After playing six Twin Cities concerts over the course of two years behind their debut album, Imagine Dragons threatened to overstay their welcome even in one of their top markets.
Just the simple fact that the Las Vegas rockers had new songs to play at Xcel Energy Center on Tuesday night felt like an automatic win.
Touring behind their second album, "Smoke and Mirrors," the boyishly earnest Dragons also freshened things up with a new, hi-fi stage production featuring a lot of — you guessed it — smoke and mirror-like visual effects. They brought in an interesting opening act, too: Metric, the Canadian indie-rock band that headlined Rock the Garden 2013 but had yet to be tested in front of a mainstream rock crowd like the Dragons'.
There are certainly a lot of gaga Imagine Dragons fans in the Twin Cities. Tuesday's crowd of nearly 13,000 fans — a few thousand more than at prior stops on the tour, with a lot of teens and families — seemed enraptured the moment frontman Dan Reynolds raised his hands in hello during the opening tune, "Shots," one of the best and liveliest of the new tunes.
Reynolds' hands were over his head in Bono-like fashion pretty much throughout the show, except when it came time to bang the big drums that have become one of the band's signature gimmicks.

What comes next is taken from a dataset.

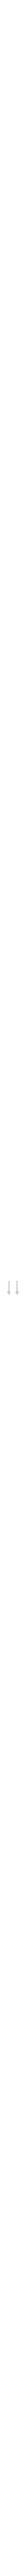 14k gold hamsa earrings elegant 14k gold White

The guy is a shameless showman disguised as an affable everyman. He hit the small thrust stage toward the center of the arena to lead a singalong right away in the second tune, "Trouble" — another new one, as repetitive as Sesame Street's "Elmo Song."
He stayed on the small stage to sing Alphaville's "Forever Young" before a sea of lighted cellphones. The 1984 soft-rock hit's hopelessly mushy vibe was carried over into the title track of "Smoke and Mirrors" and another new one, "Summer," for which Reynolds gave the simpleton introduction, "It seems appropriate to play it since it's the start of summer."
In the end, the best moments in Tuesday's 105-minute concert were nothing fans hadn't seen before, including the explosive one-word chorus shout-along in "Radioactive" and the tribal drum workout in "Demons." The new hit, "I Bet My Life," was another rousing highlight, but it came off a lot like a second version of "Radioactive." The one heard ceaselessly over the past two years was enough.